Top of DATA FOR ANALYSIS

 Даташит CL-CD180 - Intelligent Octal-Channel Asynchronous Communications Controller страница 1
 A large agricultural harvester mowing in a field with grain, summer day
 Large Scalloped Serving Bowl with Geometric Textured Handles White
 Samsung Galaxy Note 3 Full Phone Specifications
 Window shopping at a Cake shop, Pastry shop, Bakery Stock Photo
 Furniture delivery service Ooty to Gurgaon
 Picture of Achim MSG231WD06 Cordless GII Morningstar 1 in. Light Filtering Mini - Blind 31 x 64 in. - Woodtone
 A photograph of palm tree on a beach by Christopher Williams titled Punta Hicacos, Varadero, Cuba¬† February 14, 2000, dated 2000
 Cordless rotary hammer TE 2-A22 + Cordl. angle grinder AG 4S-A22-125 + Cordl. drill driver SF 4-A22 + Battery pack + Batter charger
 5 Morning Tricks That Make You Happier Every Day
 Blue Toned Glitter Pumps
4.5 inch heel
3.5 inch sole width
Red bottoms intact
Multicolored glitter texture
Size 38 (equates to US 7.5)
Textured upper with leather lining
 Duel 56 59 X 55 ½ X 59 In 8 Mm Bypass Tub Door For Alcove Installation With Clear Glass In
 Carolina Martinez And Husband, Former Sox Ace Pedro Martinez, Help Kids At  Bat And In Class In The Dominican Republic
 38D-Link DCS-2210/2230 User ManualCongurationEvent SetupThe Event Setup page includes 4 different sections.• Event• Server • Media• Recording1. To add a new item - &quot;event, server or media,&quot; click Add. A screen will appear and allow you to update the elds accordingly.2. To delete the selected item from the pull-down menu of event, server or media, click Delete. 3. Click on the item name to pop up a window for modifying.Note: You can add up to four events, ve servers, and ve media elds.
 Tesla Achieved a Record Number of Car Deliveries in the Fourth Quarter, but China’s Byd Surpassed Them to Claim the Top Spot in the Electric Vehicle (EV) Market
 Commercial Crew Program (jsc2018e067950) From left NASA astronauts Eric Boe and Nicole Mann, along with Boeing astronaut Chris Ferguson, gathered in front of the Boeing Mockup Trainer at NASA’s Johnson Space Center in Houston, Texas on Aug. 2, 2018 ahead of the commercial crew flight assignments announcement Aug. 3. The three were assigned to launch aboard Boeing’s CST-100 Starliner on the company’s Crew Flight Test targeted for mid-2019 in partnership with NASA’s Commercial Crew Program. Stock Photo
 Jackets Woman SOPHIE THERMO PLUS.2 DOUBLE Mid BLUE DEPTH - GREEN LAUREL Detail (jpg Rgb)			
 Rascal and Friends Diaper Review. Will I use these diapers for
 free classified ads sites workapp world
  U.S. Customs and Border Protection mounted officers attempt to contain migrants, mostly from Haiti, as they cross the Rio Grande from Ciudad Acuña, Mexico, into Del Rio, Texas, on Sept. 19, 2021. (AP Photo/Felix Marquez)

Bottom of DATA FOR ANALYSIS

WORK INSTRUCTION |
Across all of the records above, how many lines include the string "Textured"? Answer with one number only.

ANSWER BOX |
2